SUPPLIED MATERIAL.
- - -

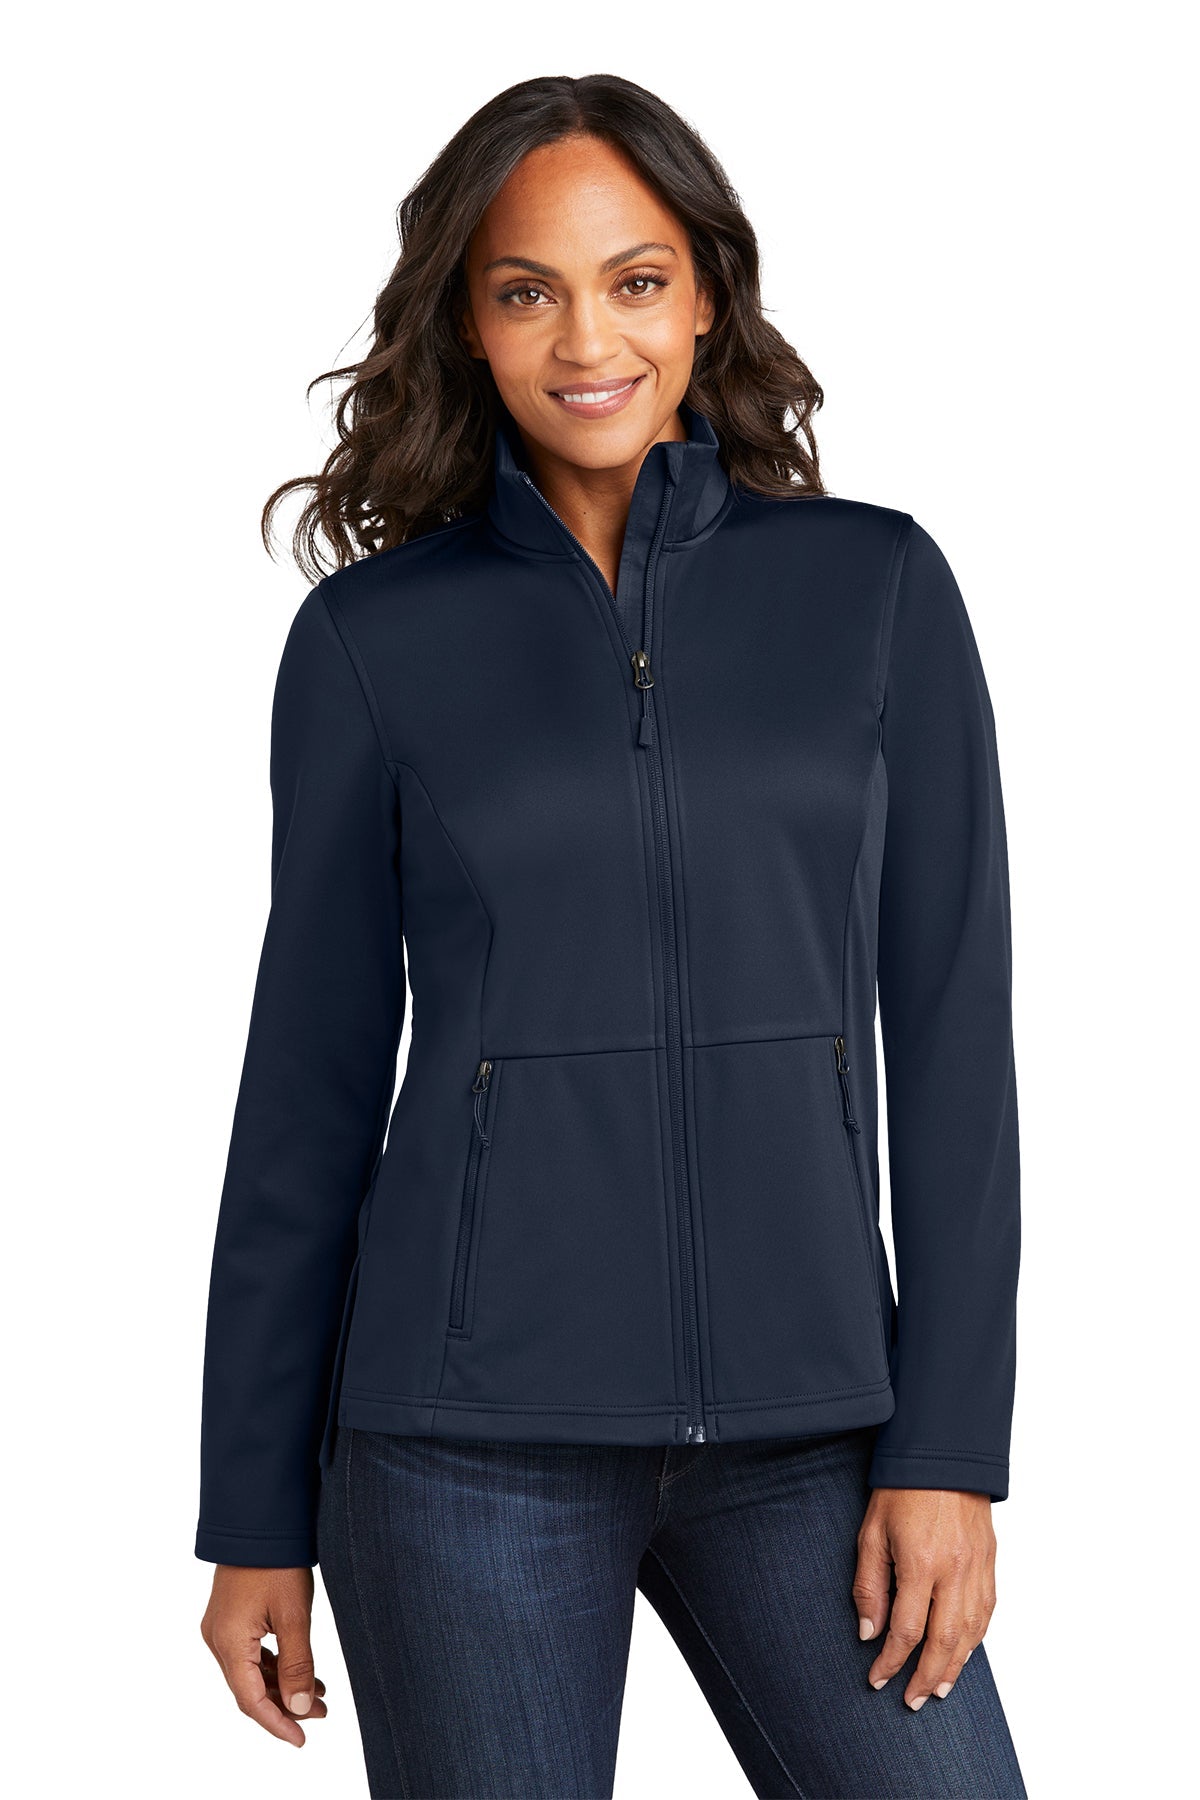 L617 Port Authority® Ladies Flexshell Jacket
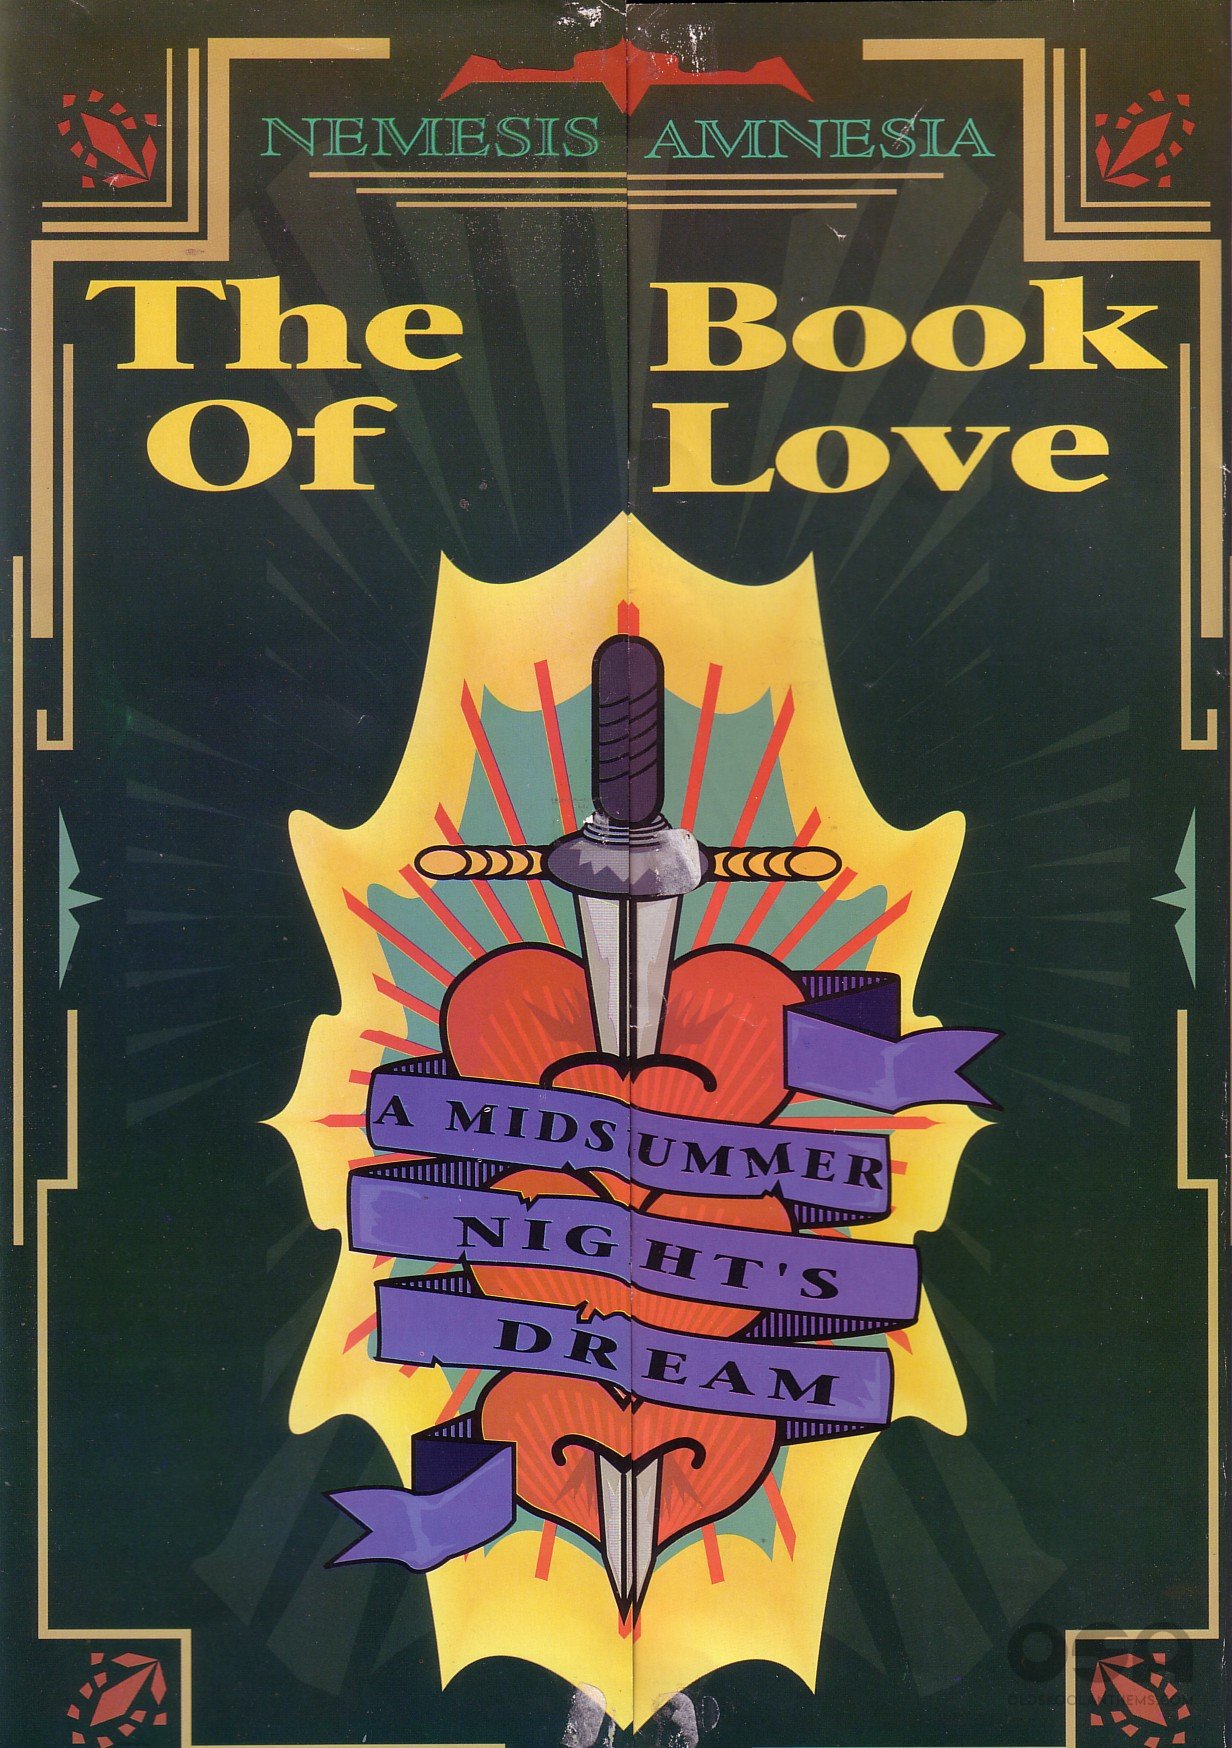 1_The_Book_of_Love_-_Sat_27th_June_1992_-_Brayfield_Stadium_-_Northamptonshire.jpg
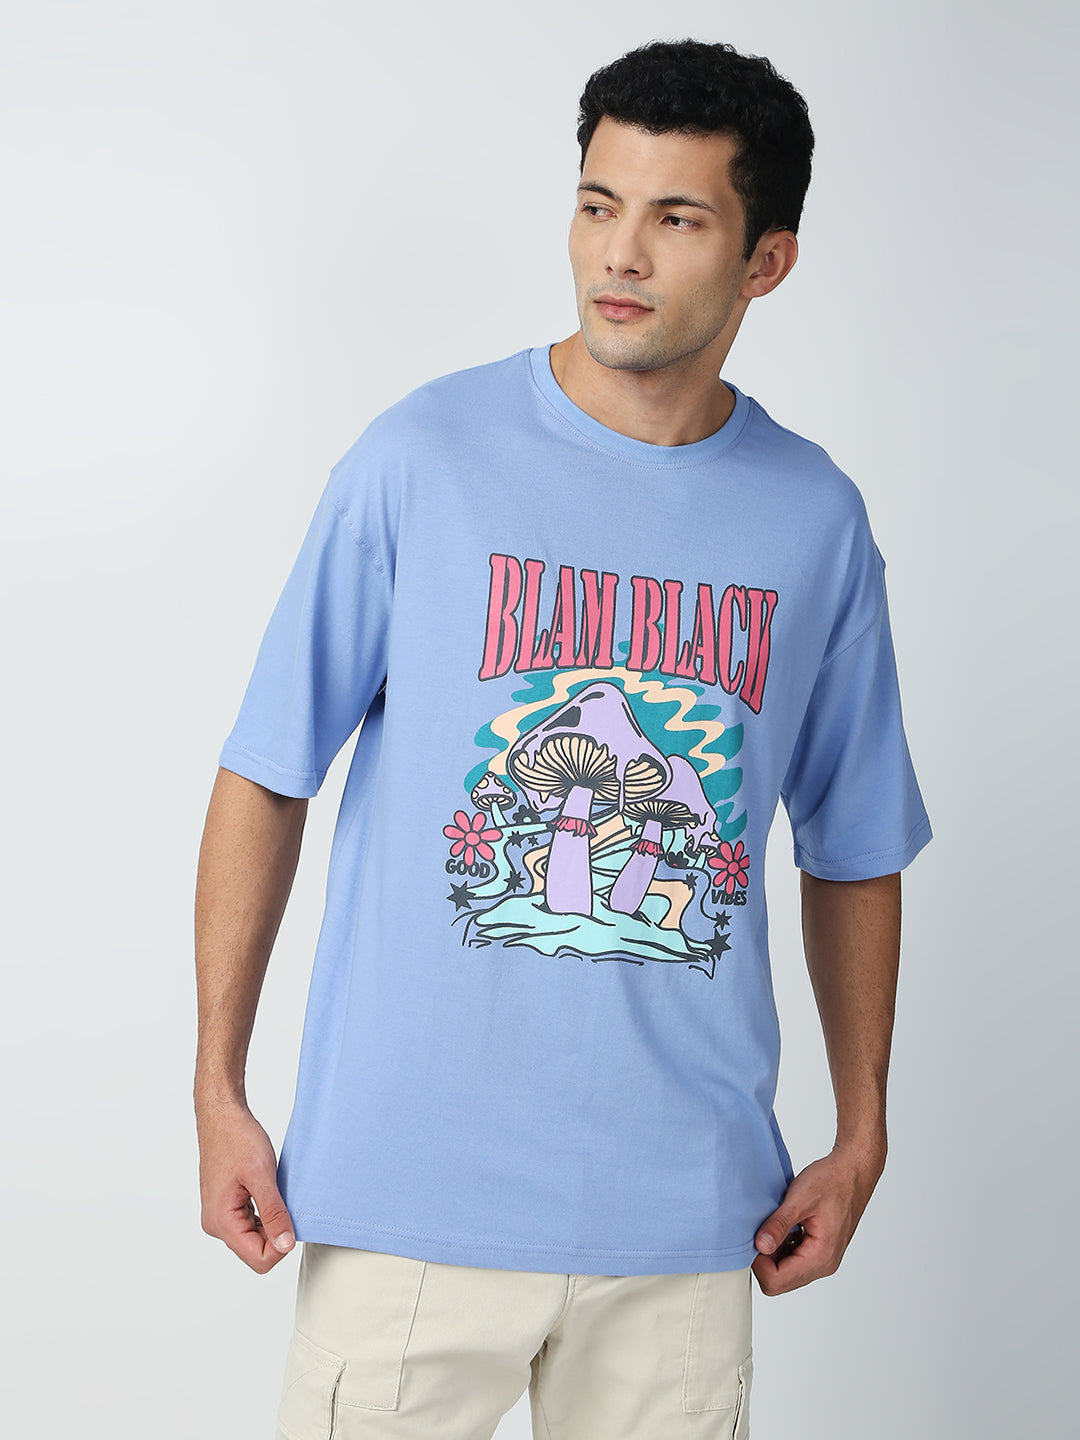 Buy Blamblack Men's Stylish Baggy Powder Blue Color Front Printed Round Neck T-Shirt
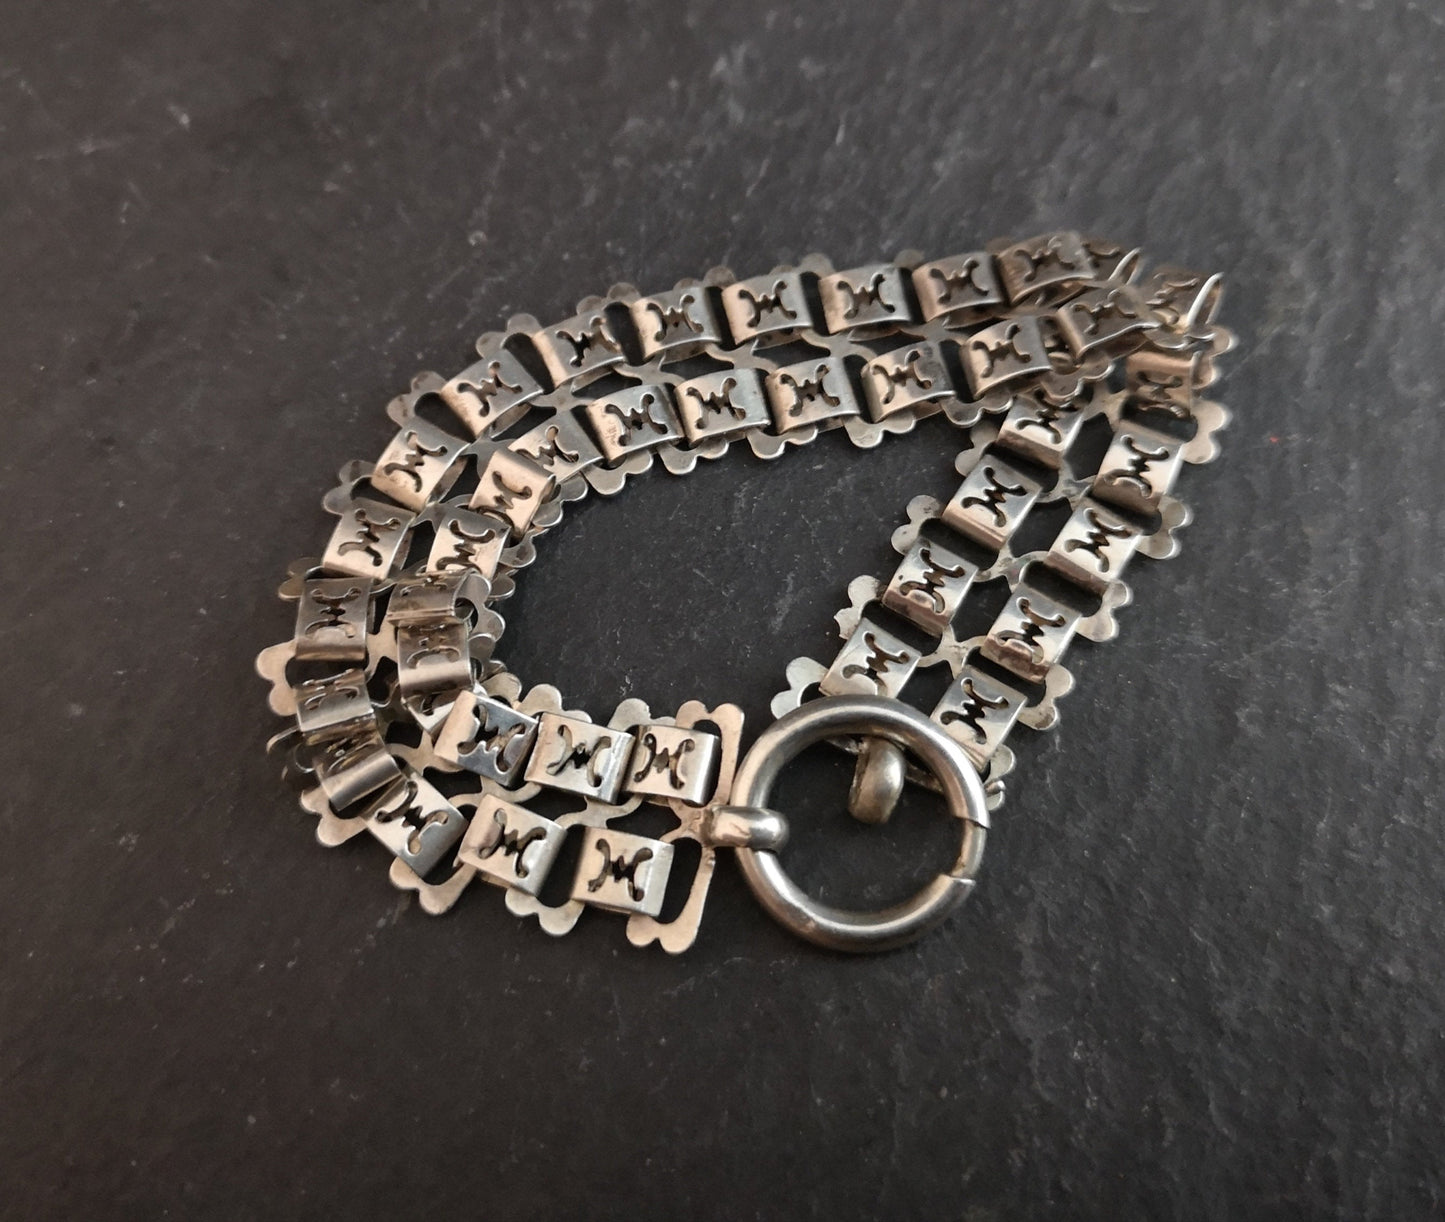 Antique Victorian silver book chain bracelet

- - -

TASK BRIEF. Leave the images out and output the remaining material exactly as it stands.

RESULT OF THIS TASK.
 L617 Port Authority® Ladies Flexshell Jacket
 1_The_Book_of_Love_-_Sat_27th_June_1992_-_Brayfield_Stadium_-_Northamptonshire.jpg
 Buy Blamblack Men's Stylish Baggy Powder Blue Color Front Printed Round Neck T-Shirt
 Antique Victorian silver book chain bracelet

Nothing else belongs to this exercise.